Difference between revisions of "Sine-cubed function"

This article is about a particular function from a subset of the real numbers to the real numbers. Information about the function, including its domain, range, and key data relating to graphing, differentiation, and integration, is presented in the article.
View a complete list of particular functions on this wiki
For functions involving angles (trigonometric functions, inverse trigonometric functions, etc.) we follow the convention that all angles are measured in radians. Thus, for instance, the angle of $90\,^\circ$ is measured as $\pi/2$.

Definition

This function, denoted $\sin^3$, is defined as the composite of the cube function and the sine function. Explicitly, it is the map: $\! x \mapsto (\sin x)^3$

For brevity, we write $(\sin x)^3$ or $\sin^3x$.

Key data

Item Value
Default domain all real numbers, i.e., all of $\R$
range the closed interval $[-1,1]$, i.e., $\{ y \mid -1 \le y \le 1 \}$
absolute maximum value: 1, absolute minimum value: -1
period $2\pi$, i.e., $360\,^\circ$
local maximum values and points of attainment All local maximum values are equal to 1, and they are attained at all points of the form $2n\pi + \pi/2$ where $n$ varies over integers.
local minimum values and points of attainment All local minimum values are equal to -1, and they are attained at all points of the form $2n\pi - \pi/2$ where $n$ varies over integers.
points of inflection (both coordinates) All points of the form $(n\pi,0)$, as well as points of the form $(n\pi + \alpha, (-1)^n2\sqrt{2}/3\sqrt{3})$ and $(n\pi + \pi - \alpha, (-1)^n2\sqrt{2}/3\sqrt{3})$ where $\alpha = \arcsin(\sqrt{2/3})$ where $n$ varies over integers.
derivative $x \mapsto 3\sin^2x \cos x$
second derivative $x \mapsto 6 \sin x \cos^2x - 3\sin^3x = 6 \sin x - 9 \sin^3x$
antiderivative $\frac{\cos^3x}{3} - \cos x + C$
important symmetries odd function
half turn symmetry about all points of the form $(n\pi,0)$
mirror symmetry about all lines $x = n\pi + \pi/2$.

Identities

We have the identity: $\! \sin^3 x = \frac{3\sin x - \sin(3x)}{4}$

Differentiation

First derivative

To differentiate once, we use the chain rule for differentiation.
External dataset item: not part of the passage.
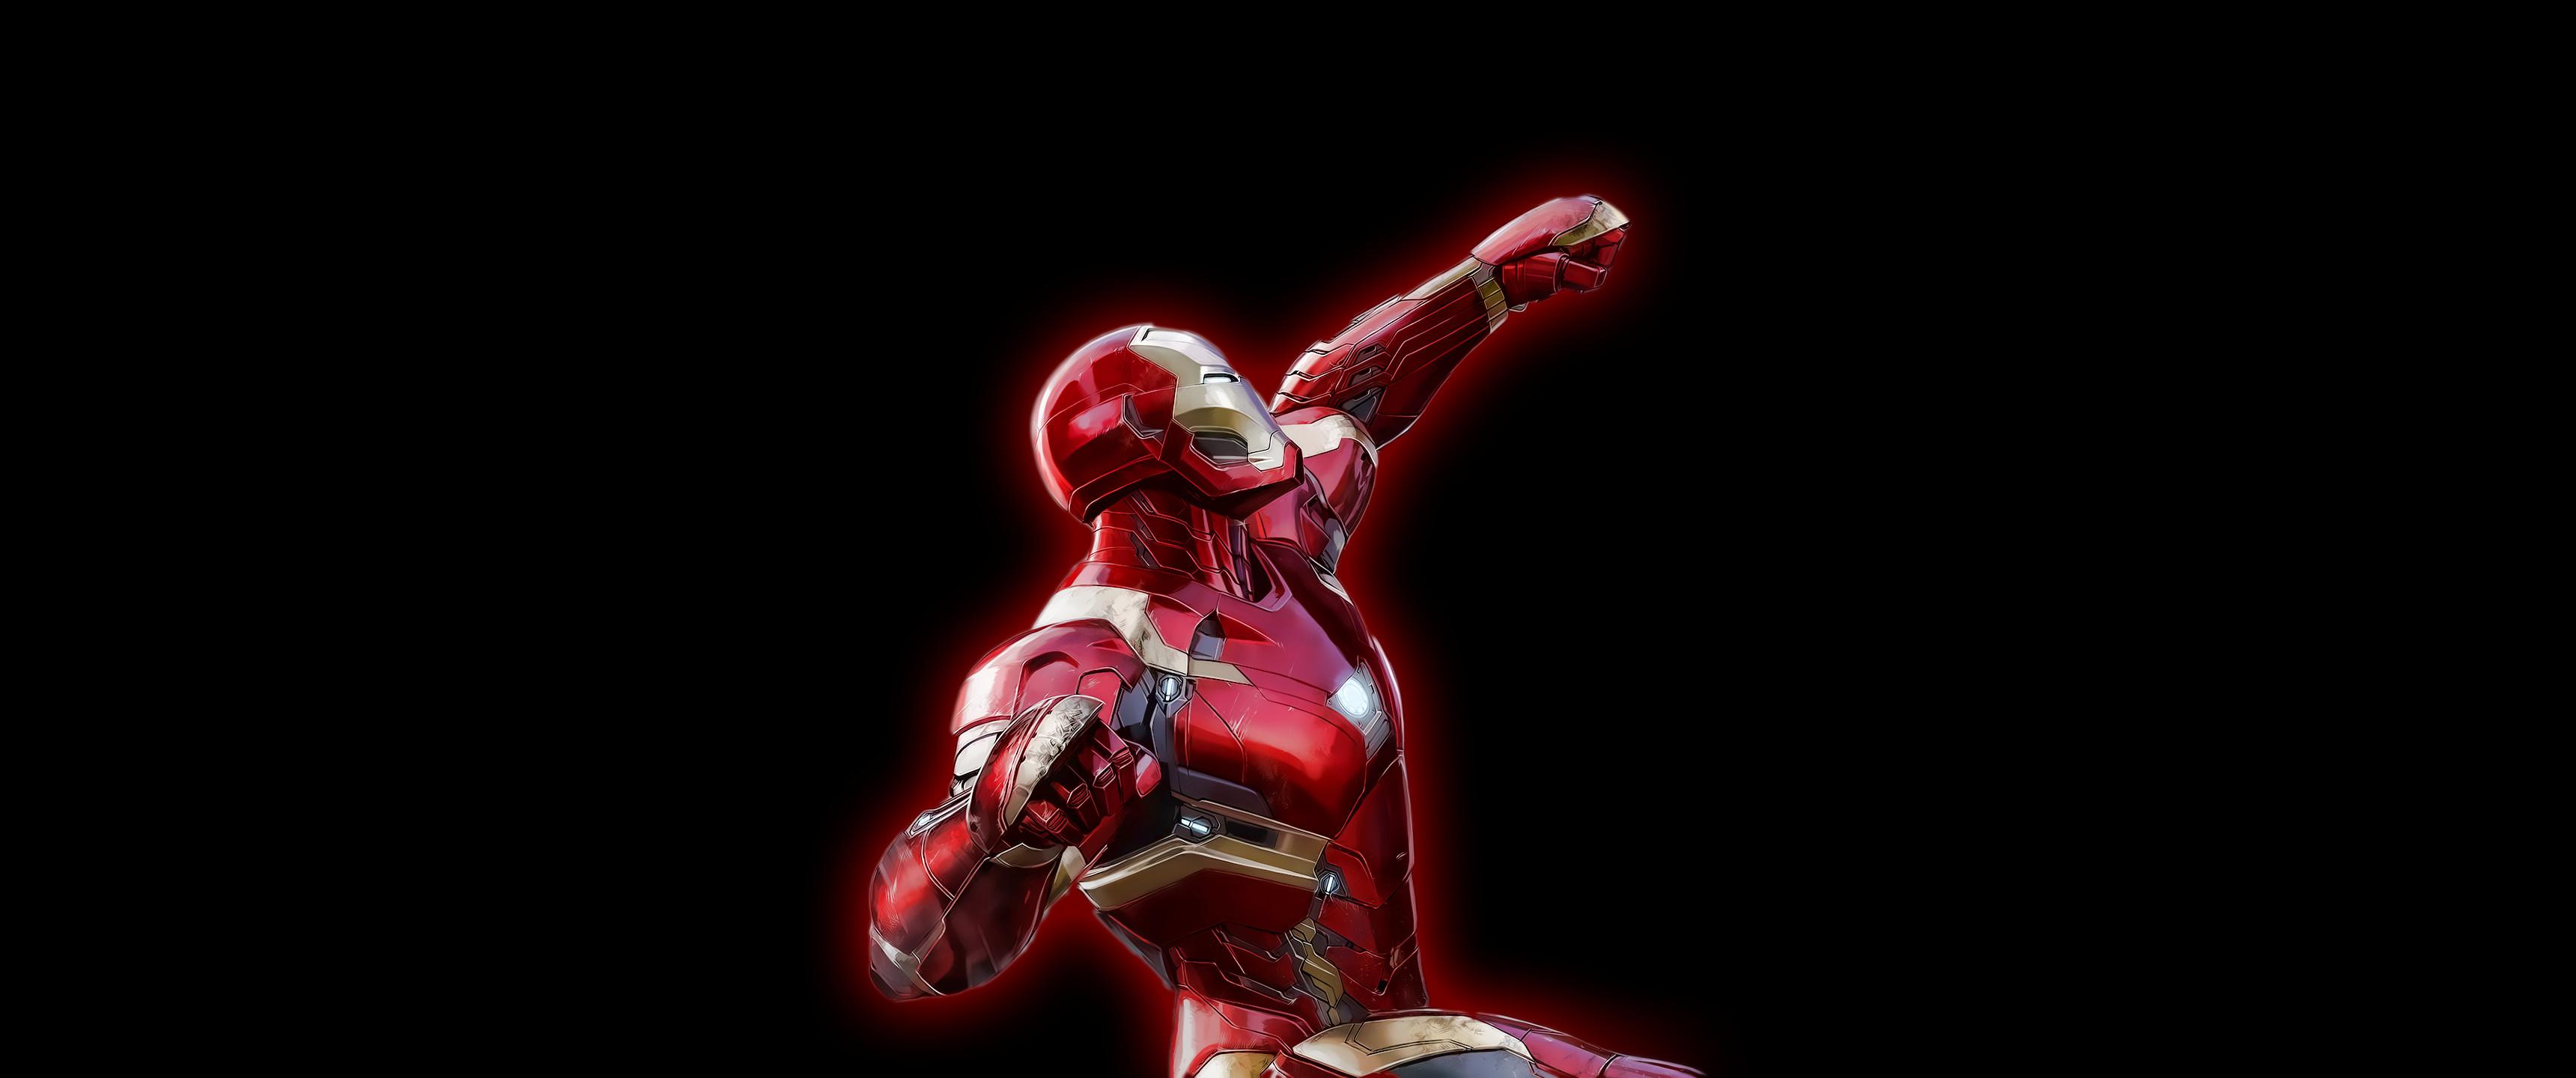 Iron Man wallpaper I made …

Explicitly, we consider the function as the composite of the cube function and the sine function, so the cube function is the outer function and the sine function is the inner function.

We get: $\frac{d}{dx}[(\sin x)^3] = 3(\sin x)^2 \cos x = 3\sin^2x \cos x$

Integration

First antiderivative: standard method

We rewrite $\sin^3x = \sin^2x \sin x = (1 - \cos^2x)\sin x = (\cos^2x - 1)(-\sin x)$ and then do integration by u-substitution where $u = \cos x$. Explicitly: $\int \sin^3 x \, dx = \int \sin^2x \sin x \, dx = \int (1 - \cos^2x) \sin x \, dx = \int (\cos^2x - 1) (-\sin x) \, dx$

Now put $u = \cos x$. We have $du/dx = - \sin x$, so we can replace $(-\sin x) \, dx$ by $du$, and we get: $\int (u^2 - 1) \, du$

By polynomial integration, we get: $\frac{u^3}{3} - u + C$

Plugging back $u = \cos x$, we get: $\! \frac{\cos^3x}{3} - \cos x + C$.

Here, $C$ is an arbitrary real constant.

First antiderivative: using triple angle formula

An alternate method for integrating the function $\sin^3 x$ is to use the identity: $\! \sin^3x = \frac{3\sin x - \sin(3x)}{4}$

We thus get: $\! \int \sin^3x \, dx = \int \frac{3\sin x - \sin(3x)}{4} \, dx = \frac{-3}{4} \cos x + \frac{1}{12} \cos(3x) + C$

This answer looks superficially different from the other answer. However, using the identity $\cos(3x) = 4\cos^3x - 3\cos x$, we can verify that the antiderivatives are exactly the same.

Repeated antidifferentiation

The antiderivative of $\sin^3$ involves cos^3 and cos, both of which can be antidifferentiated, and this now involves sin^3 and sin. We can thus antidifferentiate (i.e., integrate) the function any number of times, with the antiderivative expression alternating between a cubic function of sine and a cubic function of cosine.